Weiß-blauer Himmel über grasgrünen Wiesen, die sich durchbrochen von glitzernden Seen und Flüssen vor einer imposanten Bergkulisse erstrecken, dazwischen zwiebelturmbewehrte kleine Kirchlein inmitten holzverkleideten, weiß getünchter Bauernhäuser mit leuchtend roten Geranienkästen vor den Fenstern – so kennt man Bayern in der ganzen Welt. Niederbayern präsentiert sich ähnlich schmuck mit den goldgelben Weizenfeldern des Gäubodens vor dunkel bewaldeten Bayerwaldbergen.
Ob im Unterland, an der Elbmündung oder in der Toskana: Regionen definieren sich gerne über naturnahe Landschaften und darin eingebettete charakteristische Versatzstücke der Kulturgeschichte. Historische Bauwerke und Siedlungen sollen uns an die „gute alte Zeit“ erinnern und in Kombination mit ästhetischen Naturbildern positiv stimmen. Industriegebiete, Plattenbausiedlungen und Autobahnzubringer passen da nicht ins Bild.
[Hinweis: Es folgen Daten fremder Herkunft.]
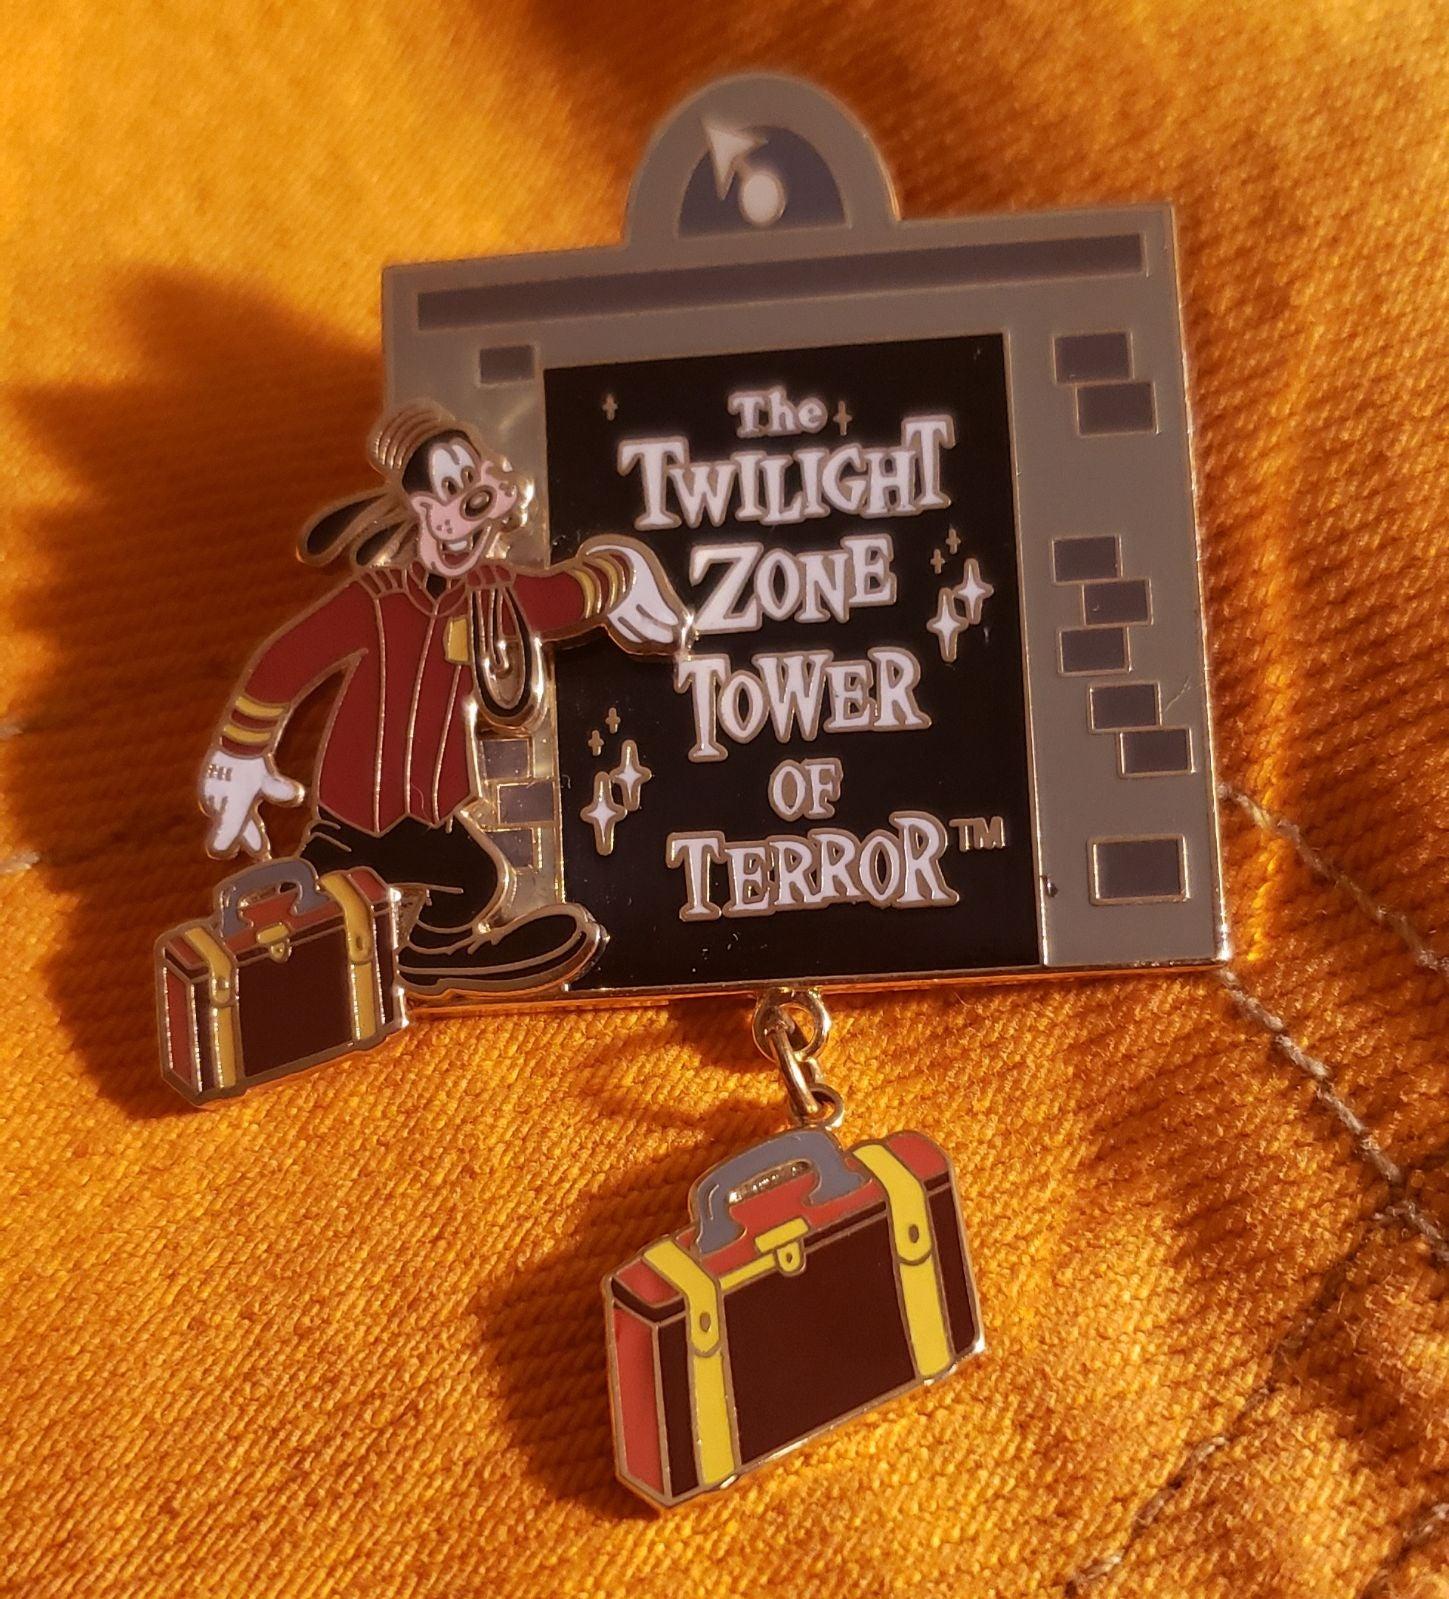 Goofy Twilight Zone Tower of Terror Pin

Die Eigenart einer Kulturlandschaft und damit insbesondere das kulturelle Erbe ist eine entscheidende Grundlage für die Identifikation der Bevölkerung mit „ihrer“ Kulturlandschaft und damit für die Entwicklung und Bewahrung eines „Heimatgefühls“. Zum ideellen Wert kommt dabei vielfach indirekt auch eine ökonomische und politische Dimension hinzu. Die vermeintliche Unberührtheit der Natur dient in Werbeprospekten als Verkaufsargument, die dokumentierte Ursprünglichkeit der Landschaft steht auf Wahlplakaten als Garant für Lebensqualität.
Mit dem Wissen um den Lauf der Geschichte und die Wandelbarkeit von Kultur fällt es jedoch oft schwer, an die Authentizität solcher Bilder – gleichwohl ob sprachlich formuliert oder optisch vor Augen gehalten – zu glauben. Wo hört Natur auf, wo fängt Kulturlandschaft an? Erkennen wir kulturell geschaffene Strukturen in der mythisch verklärten Natur überhaupt noch? Können wir akzeptieren, dass auch industrielle Produktionsstätten Zeugnisse unserer kulturellen Identität, ja sogar Kultur-Landschaft sind?
Kulturlandschaften sind mehr als ein Mosaik aus touristisch verwertbaren Glanzstücken. Sie sind lebendiger Spiegel unseres menschlichen Gestaltungswillens. Wir allein entscheiden, ob wir uns mit umzäunten Landschaftsreservaten zufrieden geben oder auch hinter der Fototapetenidylle auf Vielfalt, Nachhaltigkeit und Lebensqualität setzen. Wenn aus immer mehr Feldwegen geteerte Harvester-Bahnen werden, dann ist auch dies Ausdruck einer sich wandelnden Kulturlandschaft – gefallen muss es nicht.